“I ask you again, how should I know?” replied Caroline. “I see it there like you. How should I know any more than you?”

“It MUST be something in the room,” said Mrs. Brigham, staring wildly around.

“We moved everything in the room the first night it came,” said
Rebecca; “it is not anything in the room.”

Caroline turned upon her with a sort of fury. “Of course it is something in the room,” said she. “How you act! What do you mean by talking so? Of course it is something in the room.”
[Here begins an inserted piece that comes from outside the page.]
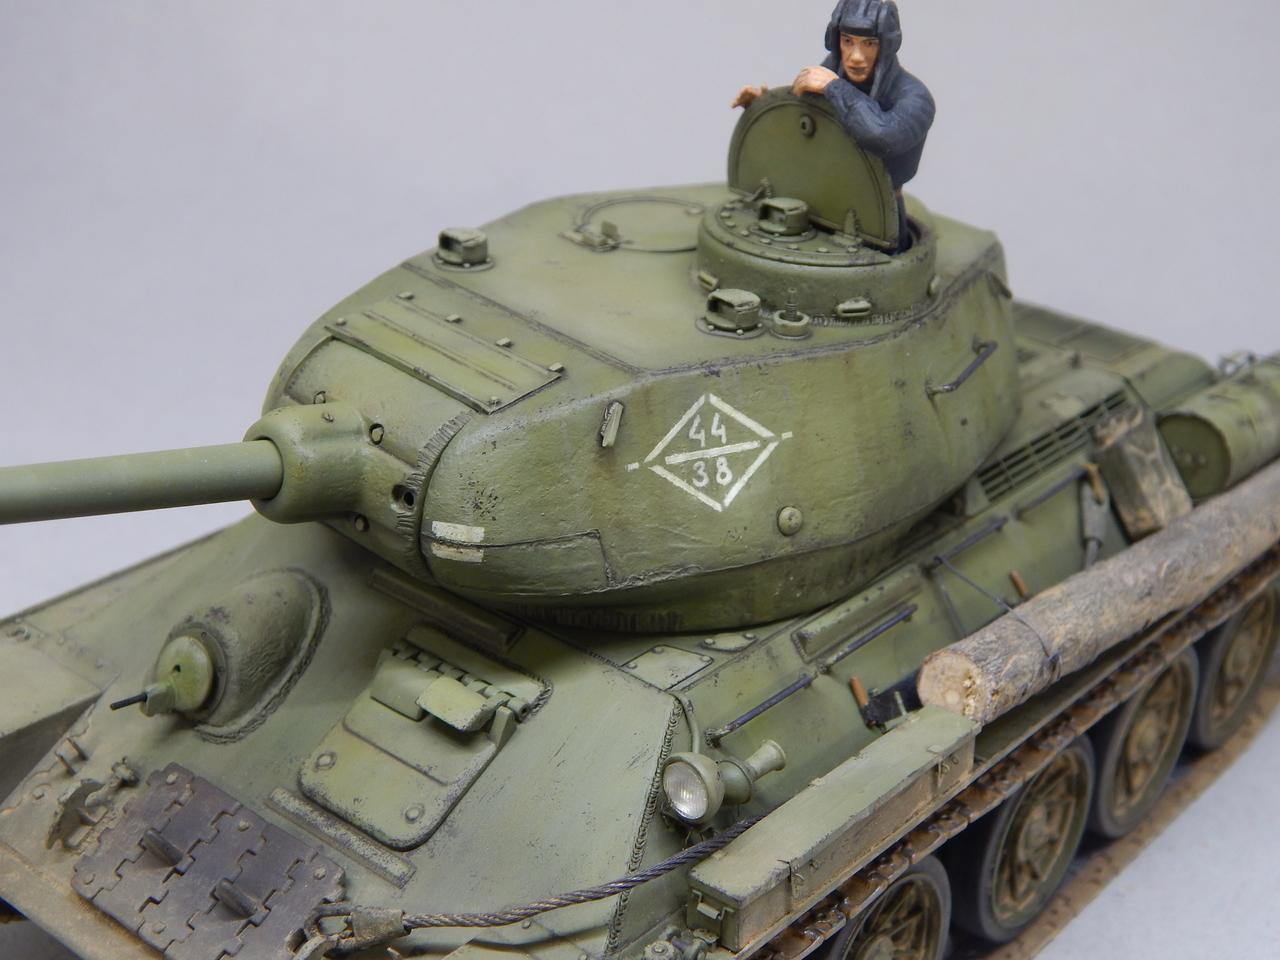 """""""Т-34/85. 1-я Гвардейская танковая армия, 11-й Гвардейский корпус, 44-я Гвардейская бригада."""" Берлин 1945 г. DSCN3097"""

“Of course, it is,” agreed Mrs. Brigham, looking at Caroline suspiciously. “Of course it must be. It is only a coincidence. It just happens so. Perhaps it is that fold of the window curtain that makes it. It must be something in the room.”

“It is not anything in the room,” repeated Rebecca with obstinate horror.
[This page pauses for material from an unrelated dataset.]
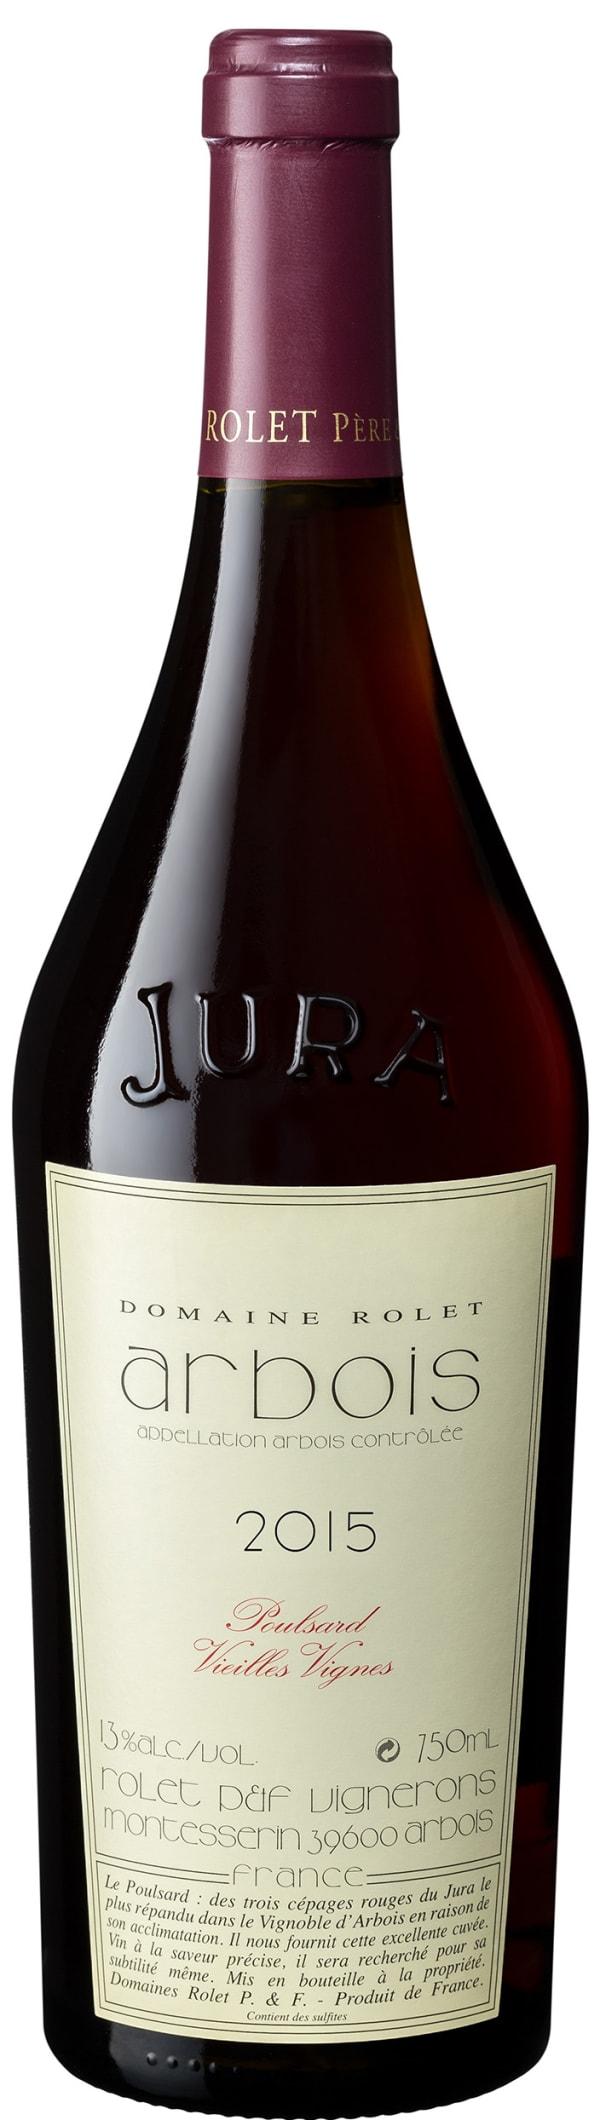 Domaine Rolet Arbois Poulsard Vielles Vignes 2015

The door opened suddenly and Henry Glynn entered. He began to speak, then his eyes followed the direction of the others’. He stood stock still staring at the shadow on the wall. It was life size and stretched across the white parallelogram of a door, half across the wall space on which the picture hung.

“What is that?” he demanded in a strange voice.

“It must be due to something in the room, Mrs. Brigham said faintly.

“It is not due to anything in the room,” said Rebecca again with the shrill insistency of terror.